▸ **RECORD EXTRACTS**
+++++

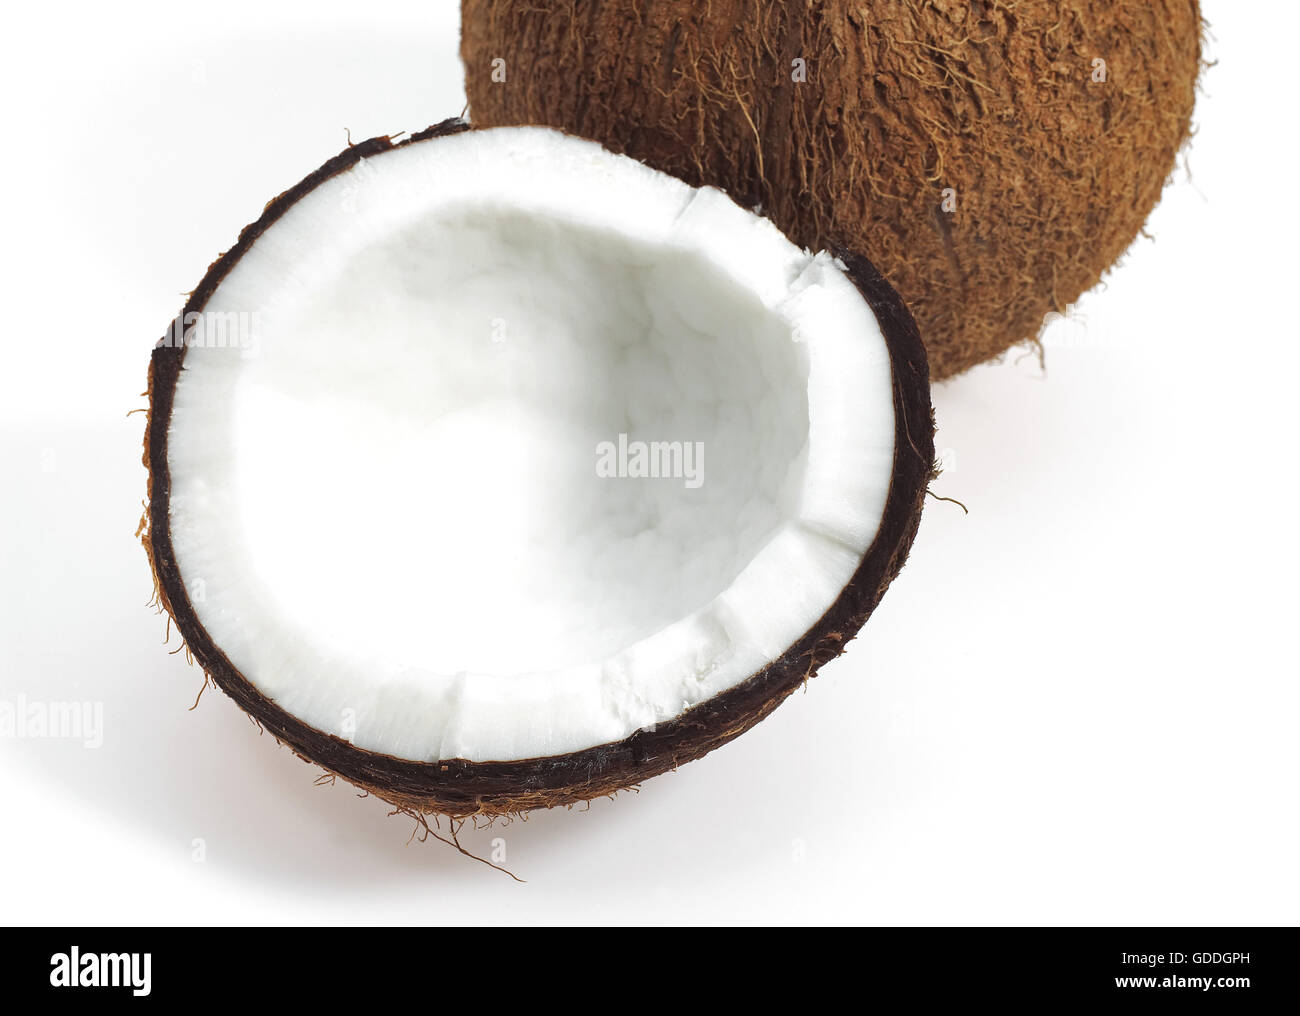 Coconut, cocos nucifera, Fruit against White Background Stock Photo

+++++

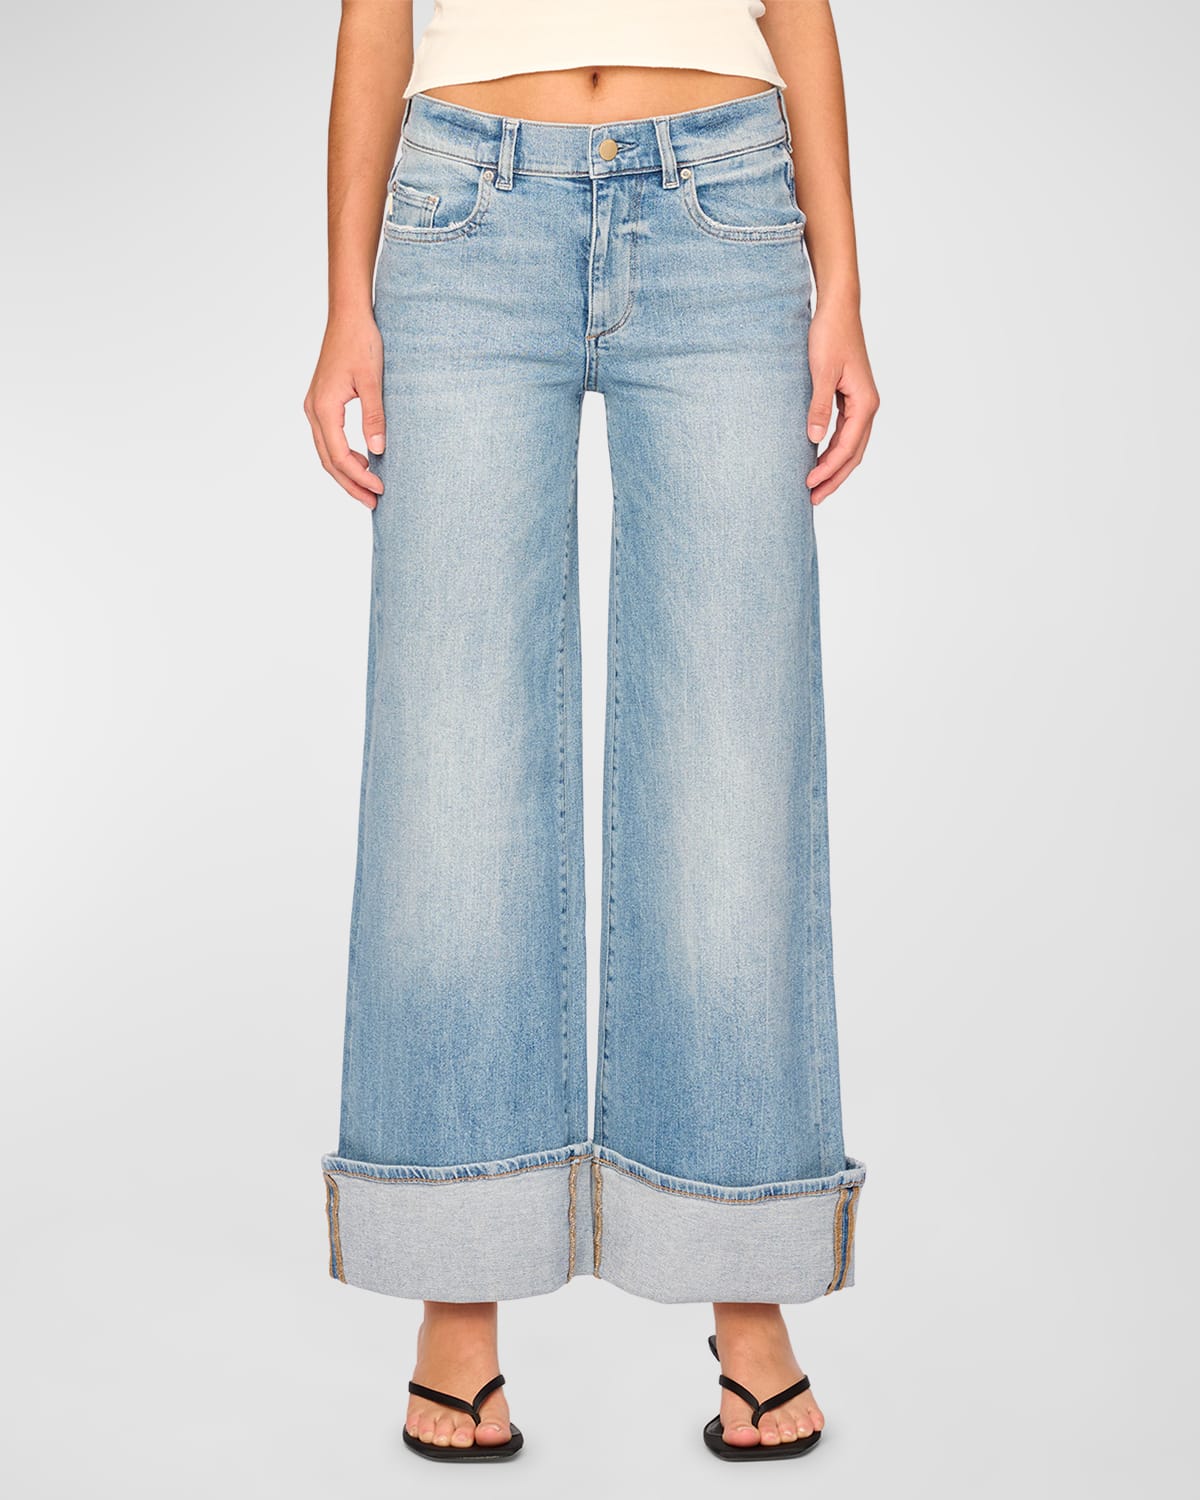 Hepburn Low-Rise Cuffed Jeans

+++++

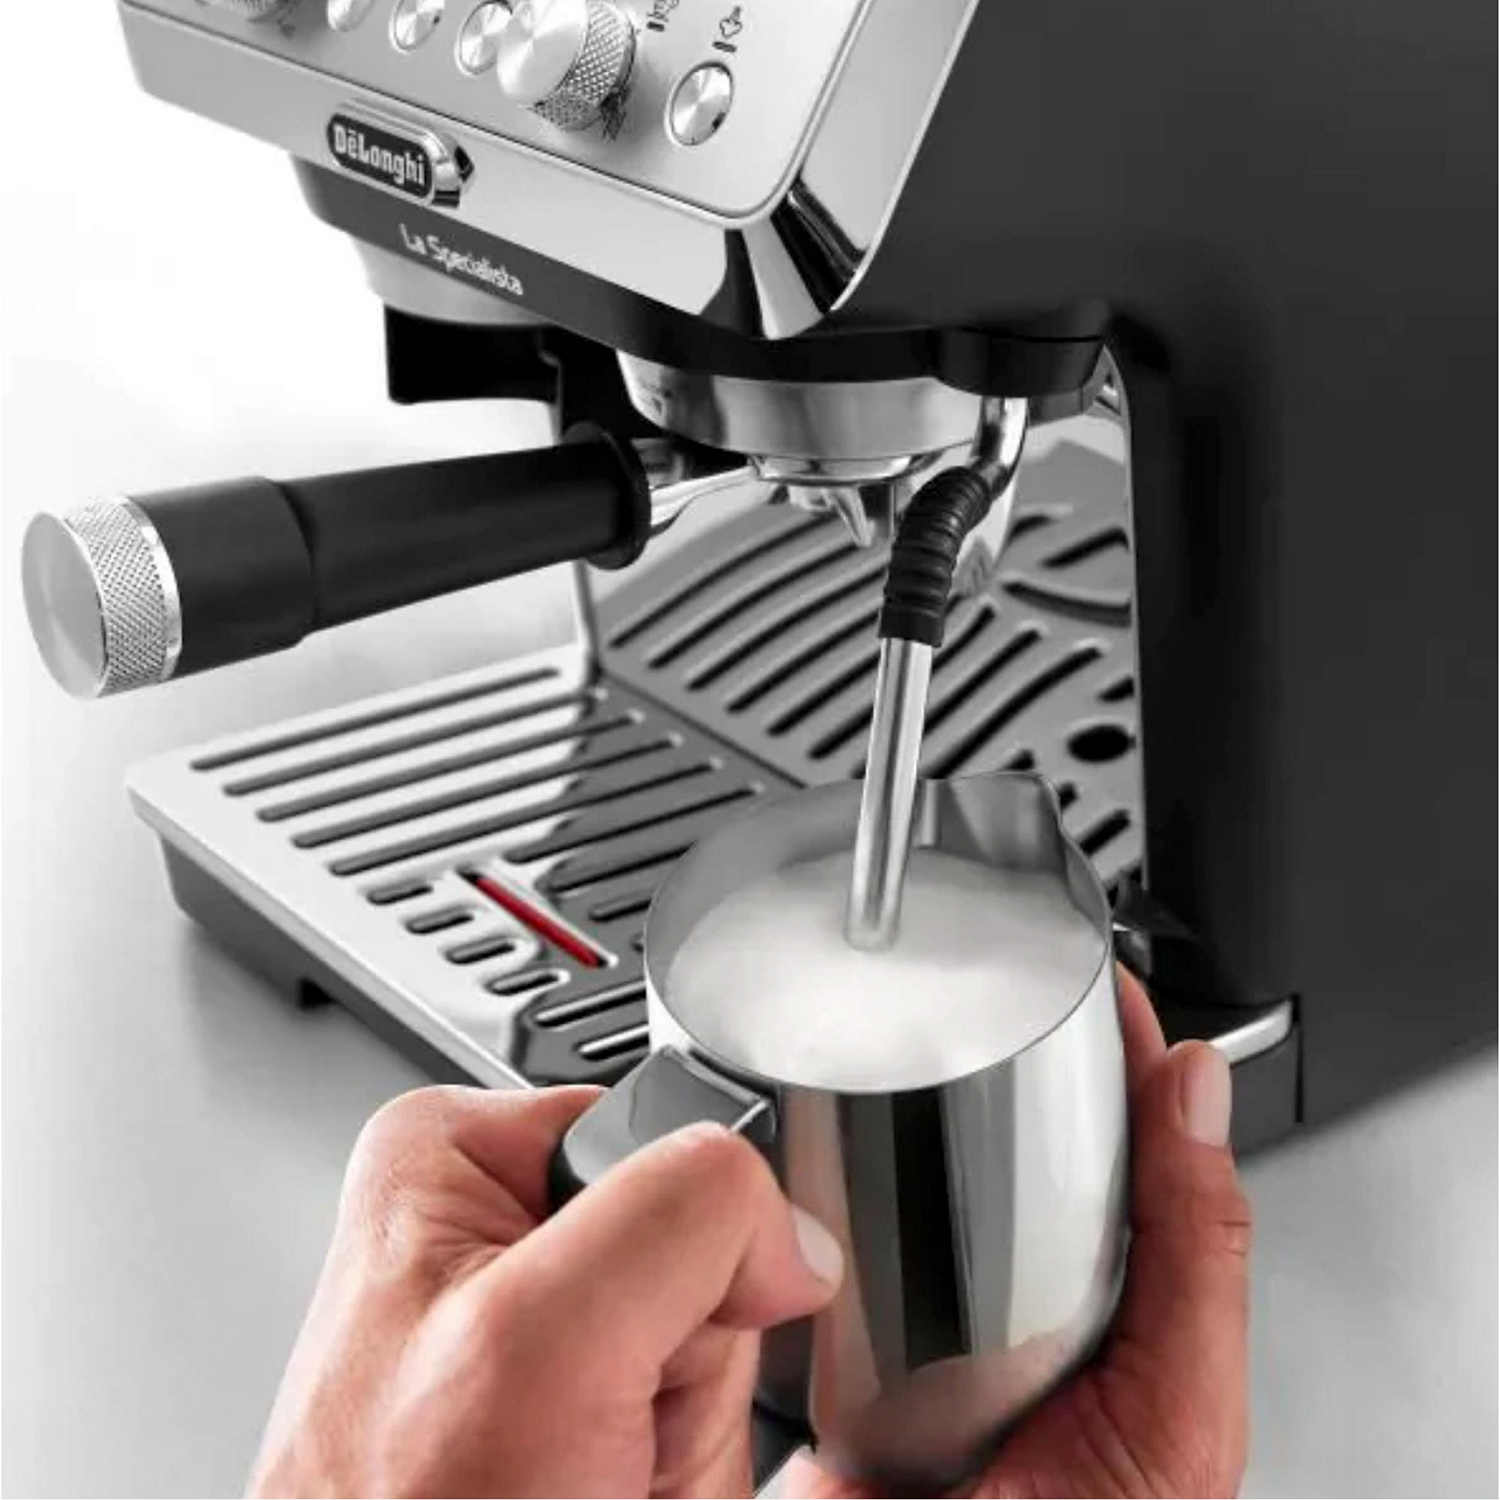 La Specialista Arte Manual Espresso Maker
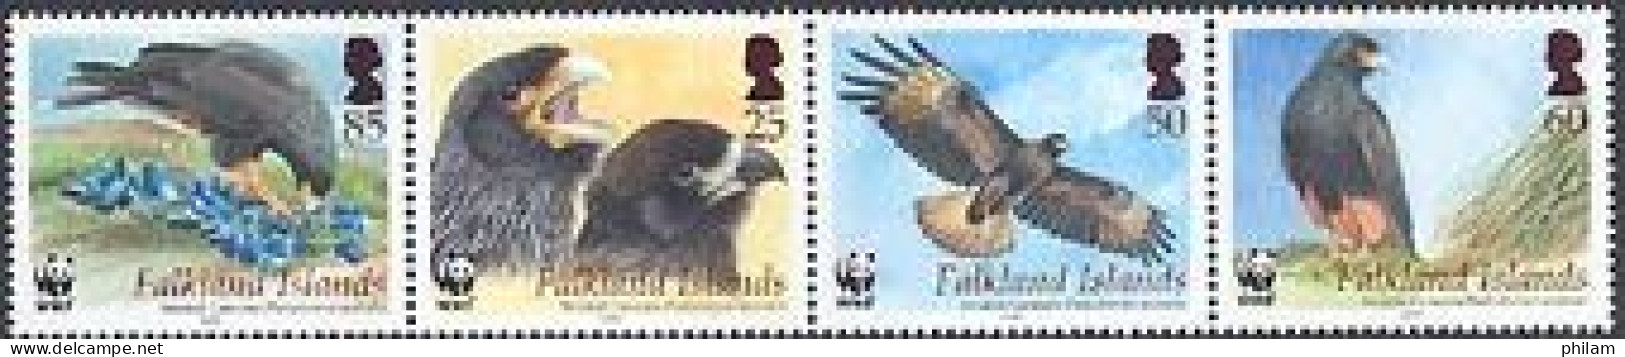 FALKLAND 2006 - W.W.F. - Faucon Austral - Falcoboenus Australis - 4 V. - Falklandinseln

+++++

Your reply should hold nothing but the lines above, from the one containing "La Specialista Arte Manual Espresso Maker" to the one containing "FALKLAND 2006 - W.W.F.", reproduced exactly minus the pictures.

 La Specialista Arte Manual Espresso Maker
 FALKLAND 2006 - W.W.F. - Faucon Austral - Falcoboenus Australis - 4 V. - Falklandinseln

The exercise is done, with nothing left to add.